Abstract 15587: Diagnostic Ultrasound Induced Inertial Cavitation of Microbubbles Improves Microvascular Re-Flow Following Thrombotic Microembolization to a Greater Degree than Stable Cavitation
Background: Feedback cavitation detection (FCD), when combined with with guided therapeutic impulses (TI) from the same diagnostic transducer, may provide mechanistic information for determining how ultrasound and microbubbles restore microvascular flow following micro-thrombotic embolization in the absence of anticoagulation or fibrinolysis.
Hypothesis: We hypothesized that dominant inertial cavitation (IC) feedback during an intravenous (IV) microbubble infusion would be optimal for restoring microvascular flow following thrombotic occlusion.

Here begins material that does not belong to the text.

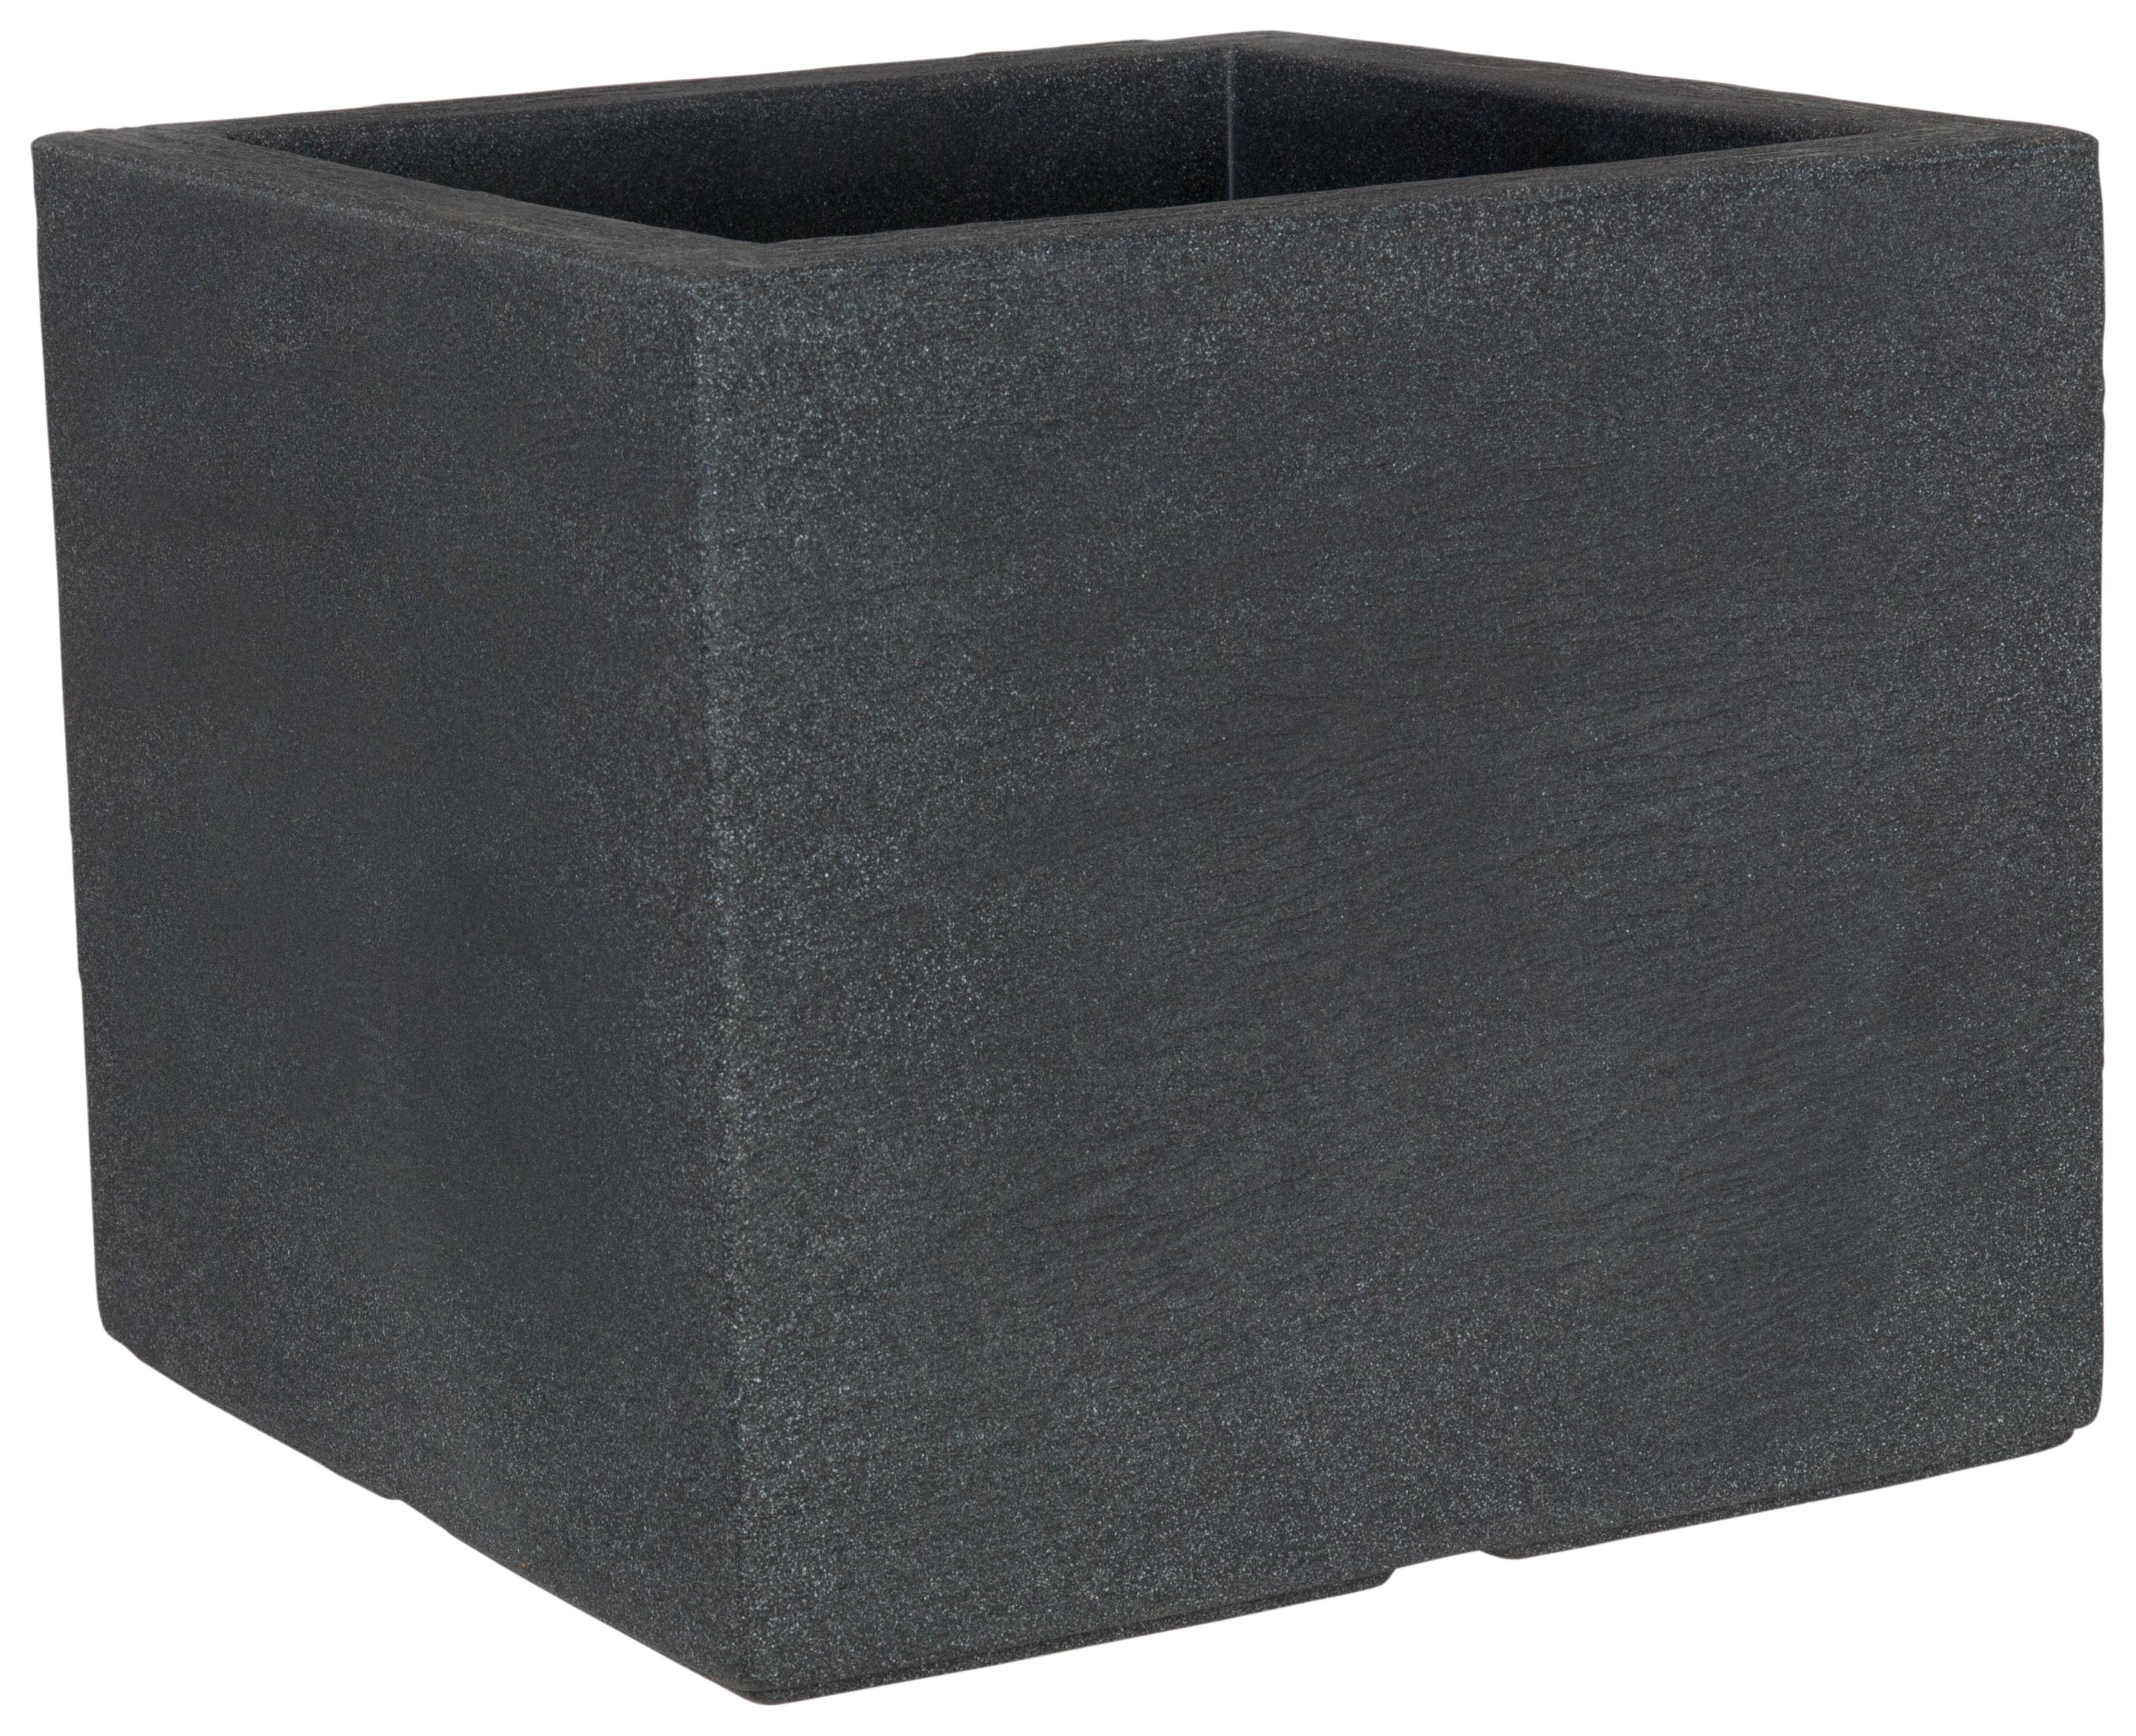 pflanzkasten pflanzgef kubus 40x40 anthrazit bei. Black Bedroom Furniture Sets. Home Design Ideas

Methods: Using a 1.7 MHz modified diagnostic ultrasound system capable of FCD (Philips S5-1), we measured cavitation responses within the microvasculature of a rat hindlimb in response to different mechanical indices (MI) ranging from 0.4 to 1.8 (all 20 usec pulse duration). Subsequent to this, thrombotic microvascular obstruction was created in the rat hindlimb muscle by injecting <200 micron diameter thrombi into the common iliac supplying the hindlimb. Microvascular occlusion was confirmed with low MI non-destructive imaging (NDI) at 0.2 MI during a continous IV Definity (Lantheus) microbubble infusion. After occlusion, rats were randomized to TI that produced dominant stable cavitation (SC) versus those that produced dominant inertial cavitation (IC) during the same microbubble infusion. All treatment times were 10 minutes, and all imaging and TI were applied through either a three or six centimeter tissue mimicking phantom (TMP) to simulate transthoracic attenuation. NDI alone (without TI) was used as a control group. Skeletal blood volume (SBV) was quantified using Q lab software before and after randomized treatments.
Results: A total of 20 rats were randomly assigned to the three treatment groups. The MI impulses that produced dominant IC produced the greatest recovery of SBV through both three and six centimeter TMP attenuation depths (p<0.0001 compared to both NDI and SC TI). Post-mortem histology confirmed no microvascular damage with any treatment group.
Conclusions: TI from a modified diagnostic transducer that induce dominant IC of microbubbles are essential in restoring microvascular reflow following thrombotic embolization.
Author Disclosures: F. Xie: None. J. Lof: None. E. Everbach: None. F. Vignon: None. W.T. Shi: None. J. Powers: None. S.J. Radio: None. T.R. Porter: Research Grant; Modest; GE Healthcare, Lantheus Medical Images. Research Grant; Significant; Philips Research North America, Astellas Pharma.
- © 2014 by American Heart Association, Inc.